A expectativa, porém, é de que essa transição de usuários da terceira para a quarta geração ganhe corpo apenas em cinco ou seis anos, diz o sócio-diretor da Pezco Microanalysis, Cleveland Teixeira. “Não dá para vender a ilusão de que tudo vai funcionar até a Copa do Mundo”, afirma.

Segundo ele, a falsa impressão de que o serviço estará disponível pode desgastar ainda mais a relação entre os consumidores e as empresas de telefonia. “Talvez fosse melhor resolver o problema do 3G em vez de obrigar as empresas a investir no 4G”, avalia.

Enquanto se discute a implantação da quarta geração de telefonia, o uso da rede 3G vem avançando rapidamente, aumentando os riscos de congestionamentos do serviço. Em junho, a banda larga móvel 3G chegou a 77,4 milhões de usuários, correspondentes a 29,1% da base de telefonia do País. Enquanto os acessos via 3G cresceram 43% nos últimos 12 meses, os realizados por meio da tecnologia GSM (2G) recuaram 7,5%, para 180,6 milhões. Ou seja, em um ano 15 milhões de acessos da segunda geração foram desconectados.

O diretor executivo do sindicato das operadoras de telecomunicação (Sinditelebrasil), Eduardo Levy, admite que os serviços 3G enfrentam problemas. Para ele, a falta de uma legislação específica para a instalação de novas antenas é uma das causas.

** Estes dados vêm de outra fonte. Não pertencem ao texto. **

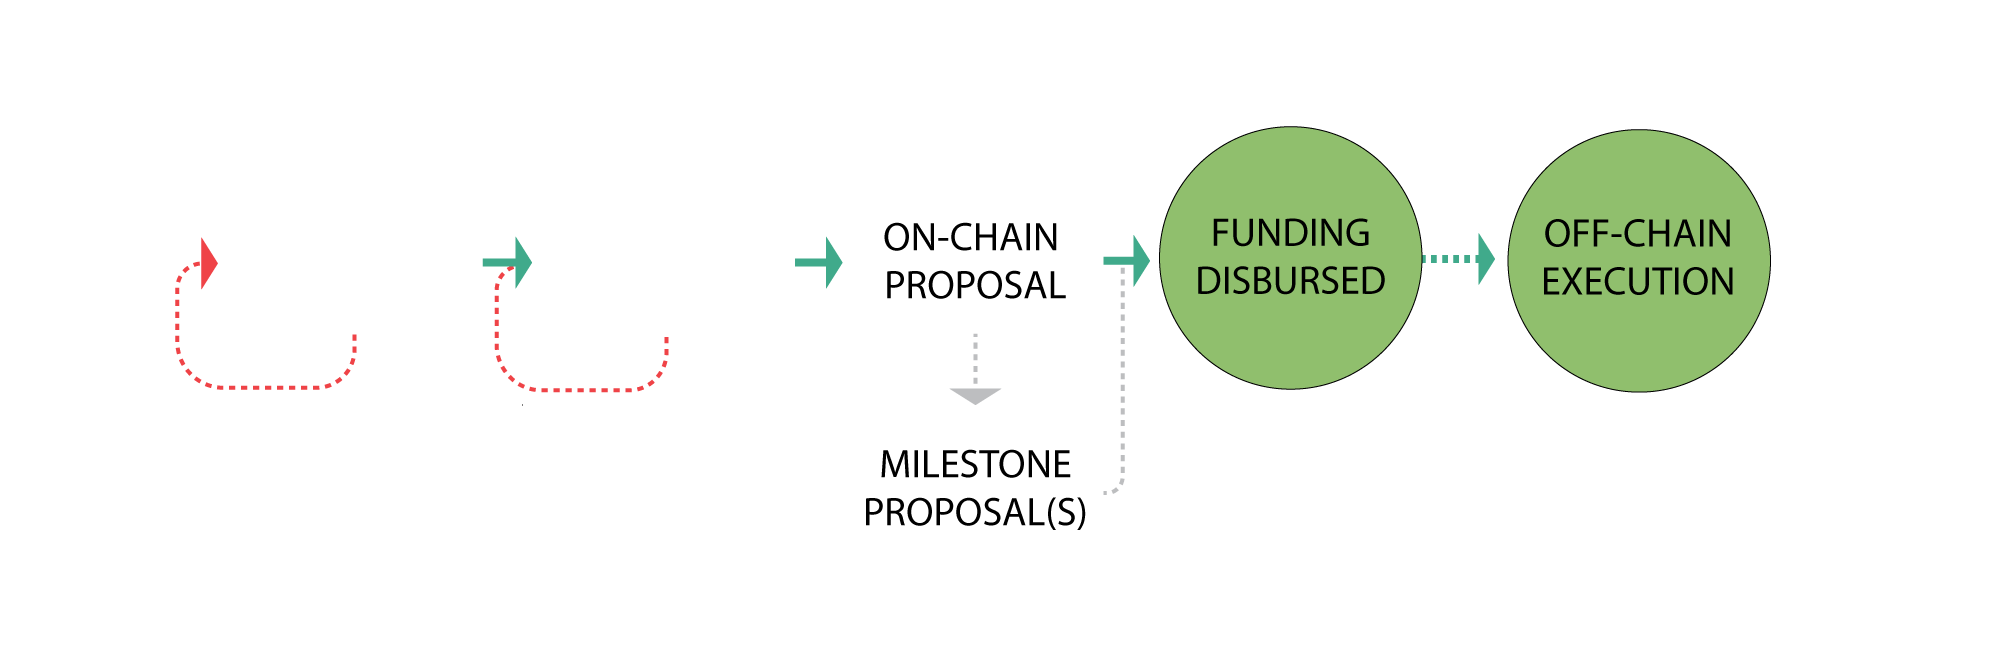 Funding Process
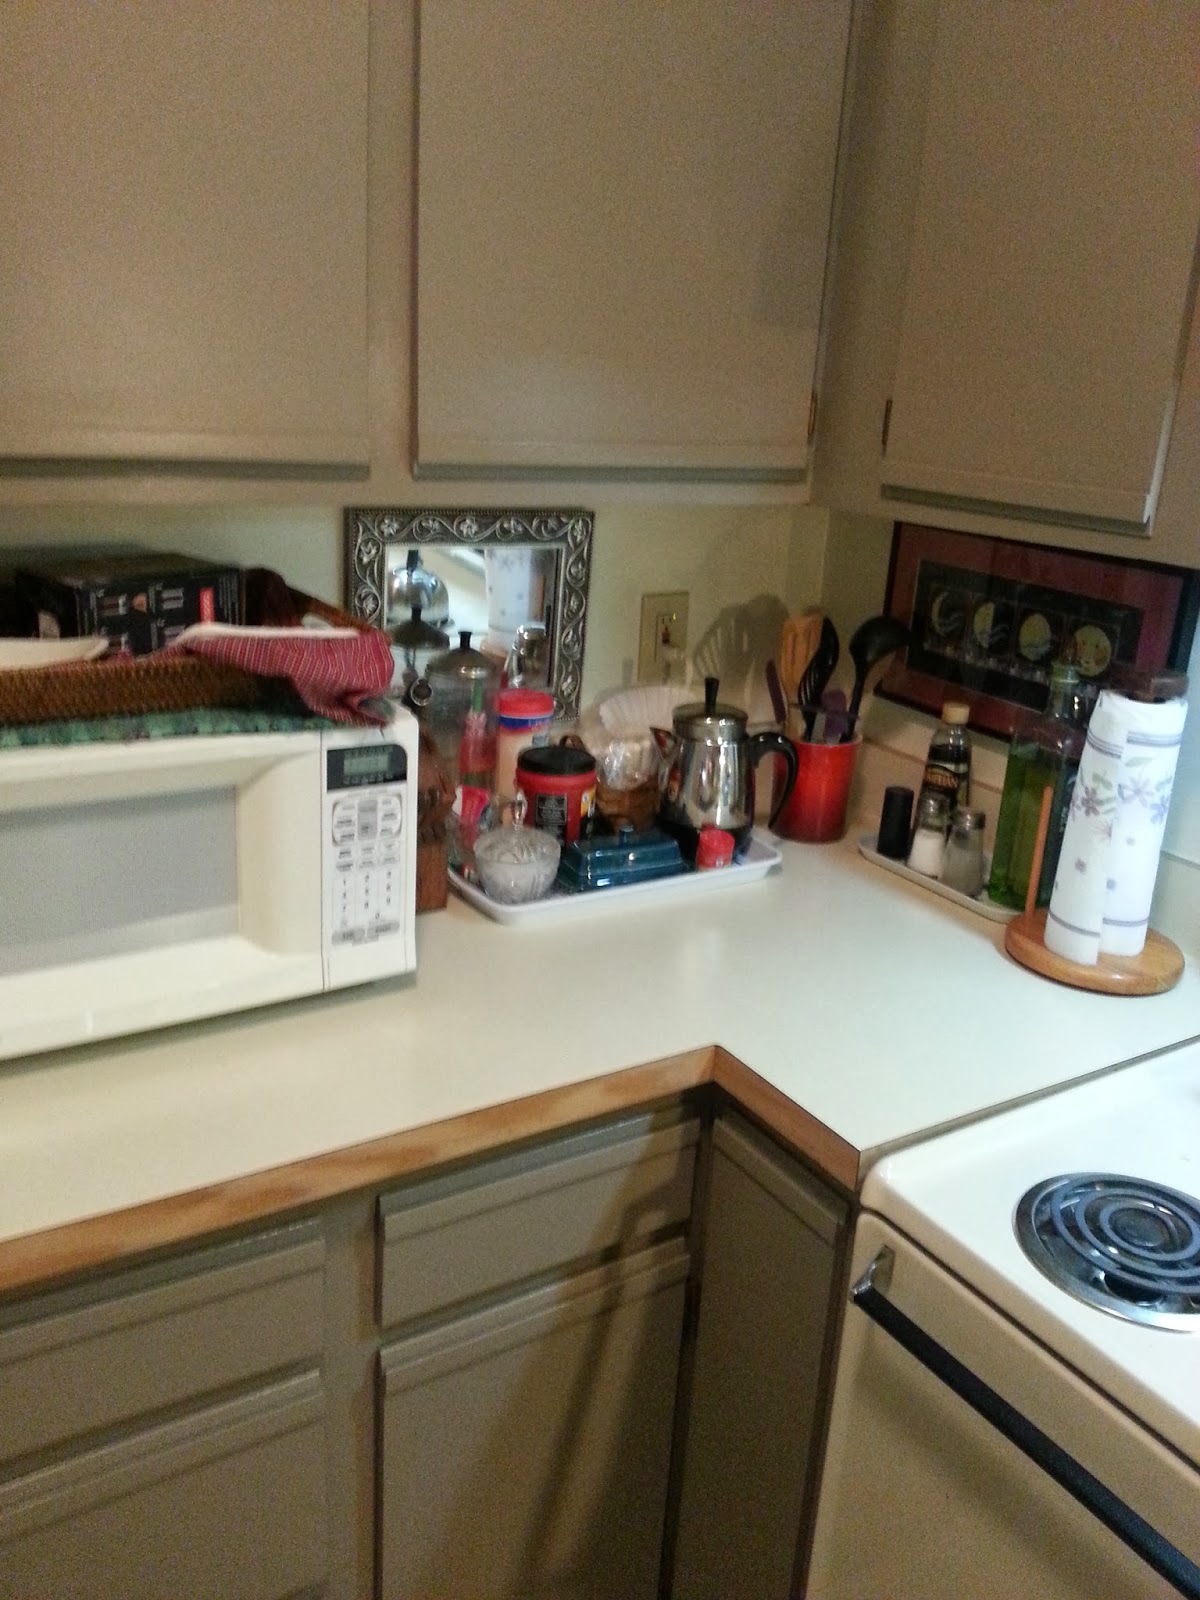 foobella design: Painting Laminate Kitchen Cabinets. Done!

“Vivemos um situação injusta: de um lado temos uma lei que nos impede de instalar novas antenas de celular, e, por outro lado, a Anatel nos cobrando por melhores serviços”, diz. Em um ano, as instalações de antenas subiram 40%, para cerca de 15 por dia. “Mas precisaríamos de 25 por dia, ainda mais pelo 4G”, conclui Levy.

Na avaliação do diretor da área de consultoria para telecomunicação da Deloitte, Rogerio Roman, as teles convivem com o desafio de trazer rentabilidade à sua base de usuários usando as diversas tecnologias. “É preciso investir para garantir cobertura e qualidade, mas sem abrir mão de novas receitas (como os ganhos futuros em 4G)”, diz Roman, acrescentando que a receita com produtos tradicionais, como de voz ou mensagem de texto, trafegados numa rede de 2G, vem caindo.

Para Vinicius Dalben, diretor de operações da Huawei, empresa que fornece equipamentos às teles, a ampliação da cobertura 3G é essencial para a redução das zonas sem sinal da cobertura de quarta geração. Ele observa que as operadoras têm revisado para cima seus planos de expansão das redes destinados a dar uma maior abrangência de cobertura ao 3G. “Está havendo um aumento entre todas as classes de consumidores de internet móvel, obrigando as empresas a ampliar o foco na infraestrutura da terceira geração.”

A presidente do Sindicato Nacional das Empresas Prestadoras de Serviços em Telecomunicações (Sinstal), Vivien Suruagy, também demonstra preocupação com o lançamento do 4G, uma vez que ainda faltam avanços no 3G. “O 4G brasileiro pode acabar sendo para inglês ver. Está sendo construída uma casa sem fundação”, compara.

A intenção do governo e da Anatel é usar a licitação de uma nova faixa de frequência destinada ao 4G, de 700 megahertz (MHz) prevista para abril de 2014, como contrapartida à antecipação da universalização da cobertura 3G, de 2018 para 2017 ou até mesmo 2016. Segundo o presidente da Anatel, João Rezende, seria possível antecipar, nos próximos três anos, a cobertura 3G em 1,5 mil municípios.

Segundo dados da Anatel, em junho, a Vivo operava 3G em 3,1 mil cidades, Claro em 1,1 mil, TIM em 898 e a Oi em 864.